Я в точности не уверен, но те мужчины и женщины… ну, те друзья, с которыми он разговаривал и вместе сидел в доме с бумажками… они, по-моему, его слегка поддразнивали из-за того, что он не завел себе подруги и жил со мной вдвоем, и только та седая женщина в переднике иногда к нам заходила. Ты же знаешь, Рауф, никогда нельзя точно понять, о чем говорят между собой люди, но они временами показывали на меня пальцами и посмеивались, поэтому я так и решил. Только мой хозяин не обращал внимания на эти подначки. Он почесывал меня за ухом, похлопывал по спине и говорил: «Надоеда, ты молодец! Ты лучше всех!» А потом брал свою палку и мой поводок — и я понимал, что мы отправляемся гулять, и с громким лаем пускался в пляс у двери.

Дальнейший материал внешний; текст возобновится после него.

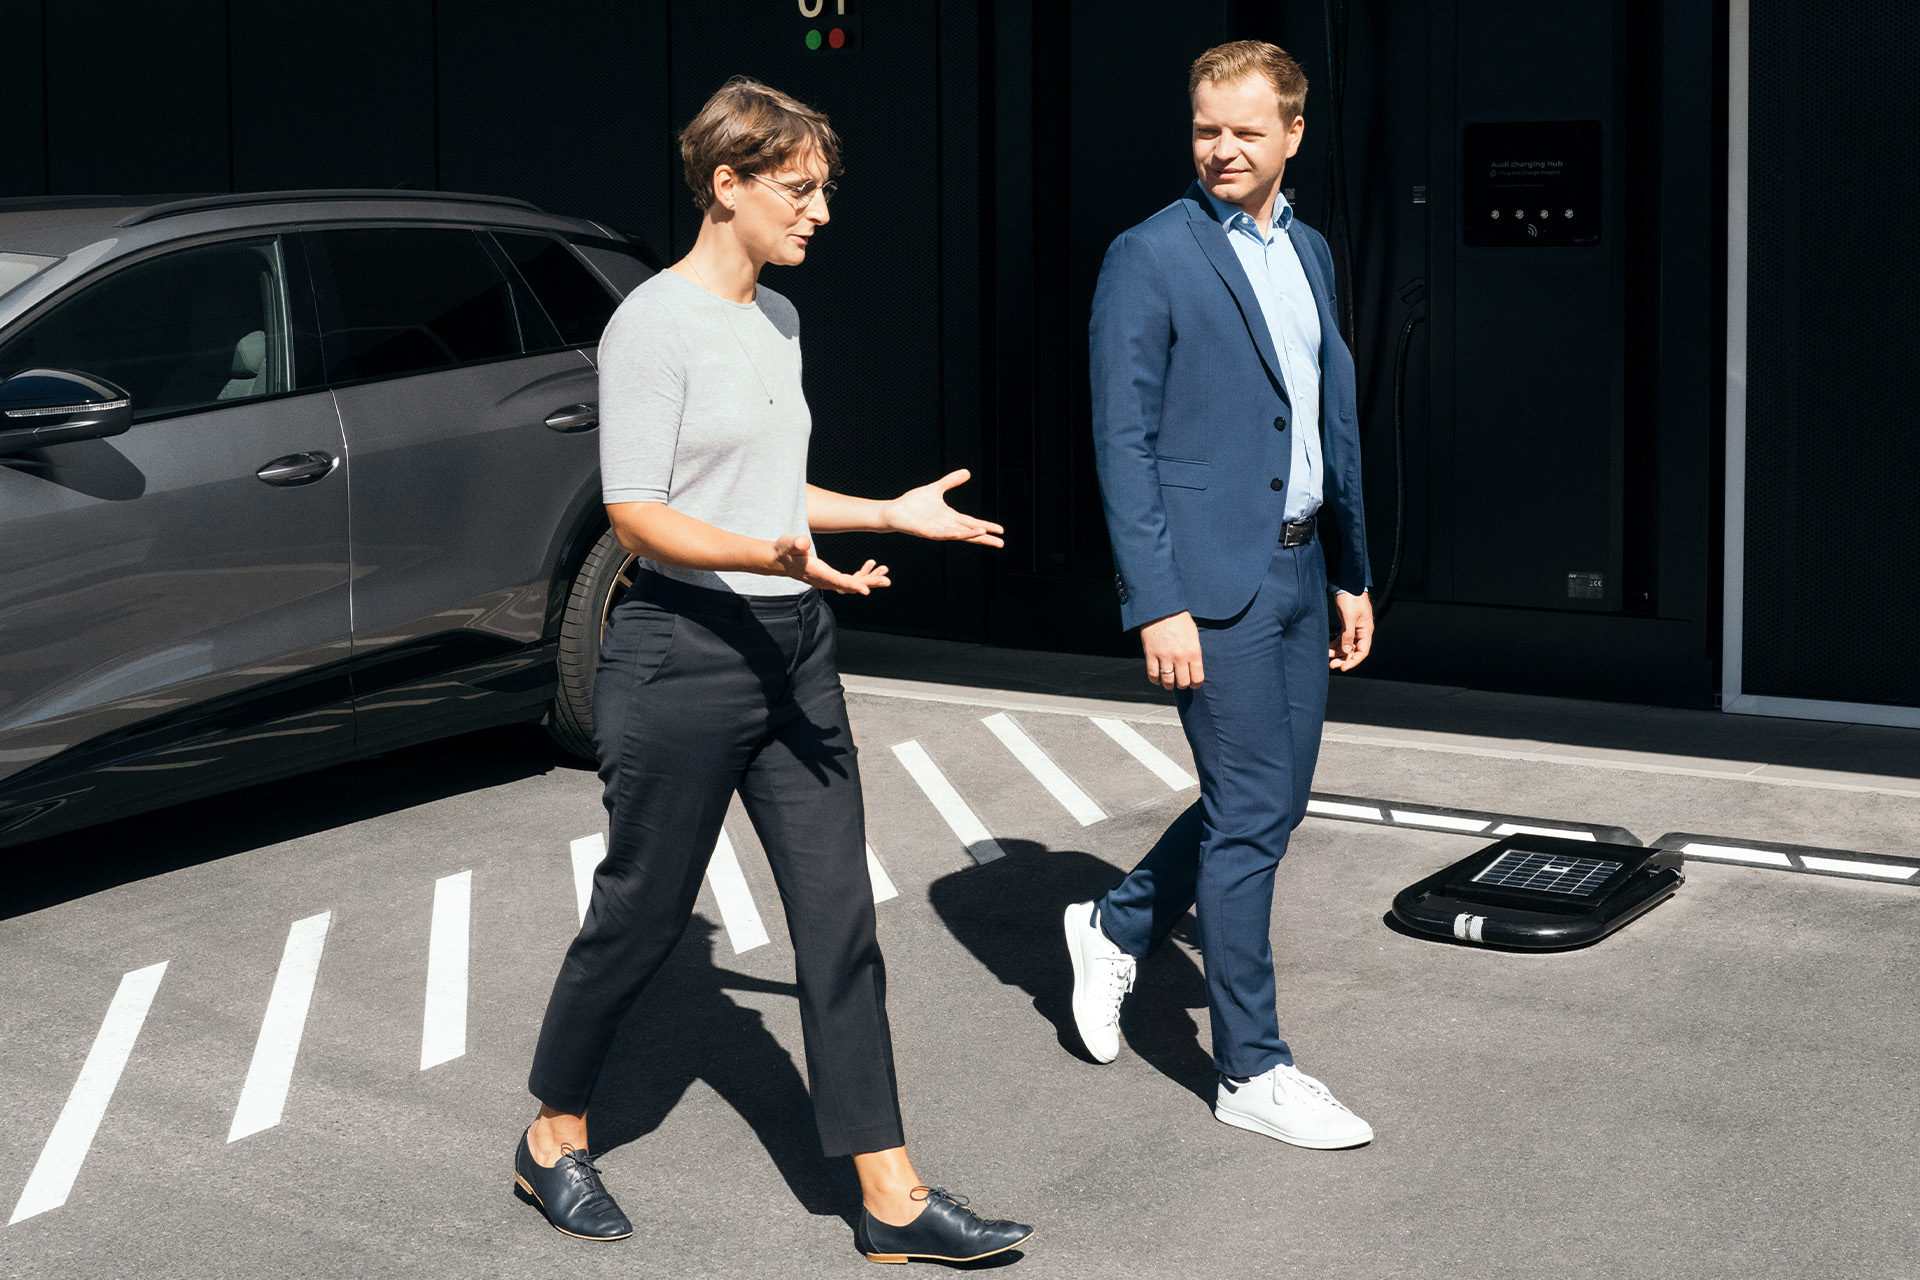 Les experts en développement durable Dr Johanna Klewitz et Malte Vömel traversent le parking devant le Audi charging hub à Nuremberg.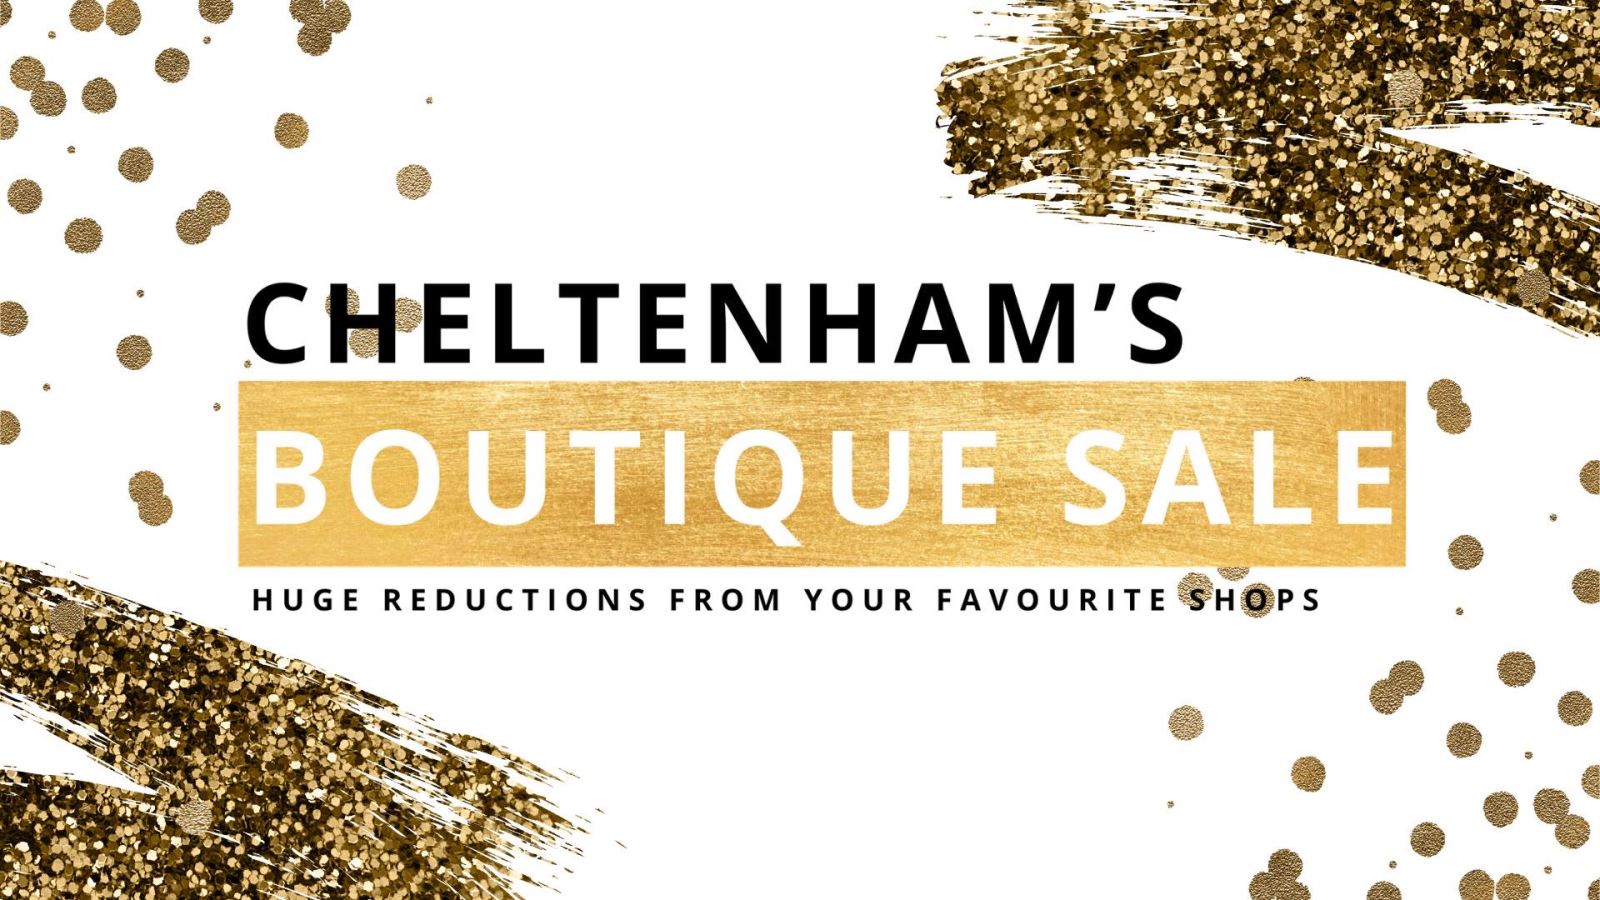 Cheltenham Boutique Sale poster

В те времена я недолюбливал только одного человека. Знаешь, Рауф, у моего хозяина была сестра, и я ее терпеть не мог. То есть я думаю, что она доводилась ему сестрой, потому что она была на него очень похожа, да и запахи у них были похожи. Иногда она приходила в дом и некоторое время оставалась у нас, и тогда… ох, потроха и печенки, нам этого не понять! Даже по ее голосу, который был такой… ну… точно песок под половиком… можно было понять, что ей не нравится, как все заведено у нас в доме. И еще в такие дни я никогда не мог найти свои вещи. Ну там, косточку, мячик, любимый старый коврик под лестницей. Она считала, что все это непорядок, утаскивала куда-то и прятала. А однажды она пихнула меня — даже не пихнула, а стукнула шваброй, когда я спал на полу, и тогда мой хозяин вскочил со стула и сказал ей, чтобы она никогда больше так не делала. Но в основном он, по-моему, боялся ей перечить. Я могу только догадываться, но, мне кажется, она на него сердилась из-за того, что он никак подругу себе не заведет, а он как будто чувствовал себя виноватым, но ничего менять не хотел. Если я прав, тогда легко догадаться, за что она меня не любила. Да что там, она меня попросту ненавидела! Она, конечно, притворялась, что я ей нравлюсь, но я-то чуял ее отношение! Когда она приходила, я съеживался и шарахался прочь, и другие люди, должно быть, думали, что она меня обижает. Впрочем, так оно и было! А потом… потом…
Знаешь, что самое смешное, Рауф? Я с самого начала знал свое имя, а вот как звали моего хозяина — понятия не имею. Может, у него, как у лиса, и вовсе не было имени. А вот у его сестры имя было, и я его даже знаю, потому что хозяин его часто произносил. Я всегда чуял, когда она входила в ворота, и тогда мой хозяин выглядывал в окошко и всегда со смехом произносил одно и то же: «Энни Моссити[30] кнамидет!» Тут я иногда принимался рычать, но ему это не нравилось. Он не позволял мне непочтительно с ней обращаться, даже когда ее самой поблизости не было. У нас в доме было принято людей уважать. Всех людей, Рауф… Только я все равно думал, что такого длинного и звучного имени она никак не заслуживает. Поэтому я про себя всегда отбрасывал «кнамидет» и думал о ней просто как об «Энни Моссити», или даже вовсе «Моссити». Однажды хозяин устроил мне выговор — уж очень бурно я радовался, когда она уходила, а он нес к двери ее сумку. Рауф, я правда не мог не плясать, ведь она отбывала восвояси! И потом, после ее ухода мне всякий раз бывало какое-нибудь послабление, которого она нипочем бы не допустила. Ну там, к примеру, сливки с блюдечка долизать…
А потом настал день, когда… когда…
Голос Надоеды сорвался на безутешный плач, фокстерьер начал тереться искалеченной головой о солому. Порыв ветра шевельнул старый мешок, свисавший с гвоздя над их головами, и ткань хлопнула, точно крылья огромной хищной птицы.